ABA Votes for Short Sale Bid Test

The American Bankers Association, a critic of unregulated short selling, wants the Securities and Exchange Commission to adopt a market wide bid test as part of any reform of Regulation SHO.

The organization, which says it represents the vast majority of the nation’s banks, filed a comment letter with the SEC last week asking the agency to bring back a short sale price test. The SEC, in April, proposed amending Regulation SHO, which deals with short selling, with new restrictions.

The ABA says its members have complained that short sellers have taken advantage of the 2007 repeal of the "uptick" rule to put unwarranted downward pressure on their stocks in the past year.

"Those of our members that have relatively small market capitalizations, are thinly traded and have little to no analyst coverage believe that reinstatement of the uptick rule, in some format, is extremely important," Sarah Miller, an ABA senior vice president, told the SEC.

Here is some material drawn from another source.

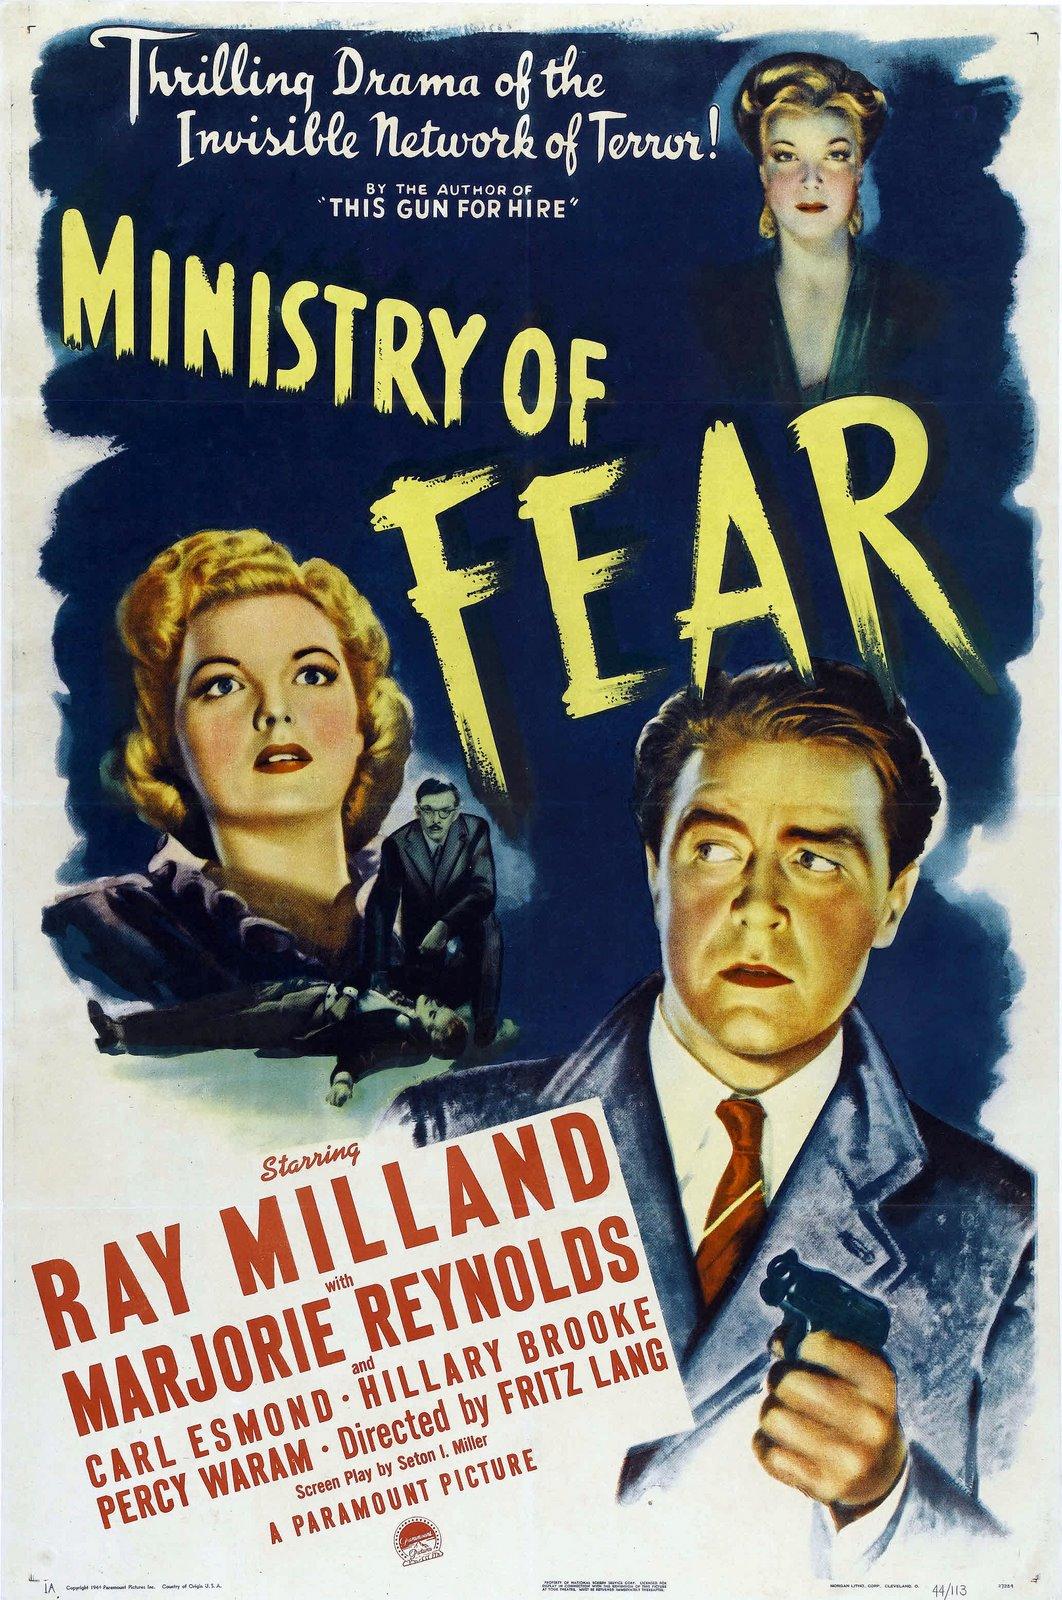 http://2.bp.blogspot.com/_yg0wzuV8KA0/SOBFZk111aI/AAAAAAAABjQ/bzHCc3i0aNc/s1600/ministry+of+fear.jpg

The ABA wants the SEC to institute its "modified uptick rule" proposal, one of five possibilities suggested by the SEC. The price test rule would take as a reference price the consolidated best bid rather than the last sale price as did Rule 10a-1, or the uptick rule. The ABA wants any price test to last all day and cover all securities. It does not want a circuit breaker/bid test that would only cover a specific security that fell by a certain percentage.

The ABA also does not favor a circuit breaker/halt rule which would temporarily ban short selling in a given stock if the security tripped the circuit breaker. The ABA, like other critics, is concerned about the so-called "magnet" effect of a circuit breaker/halt that would create significant levels of short selling as the stock approached its circuit breaker trigger point.

The comment period for the SEC proposal has ended and the industry is awaiting the regulator’s next move.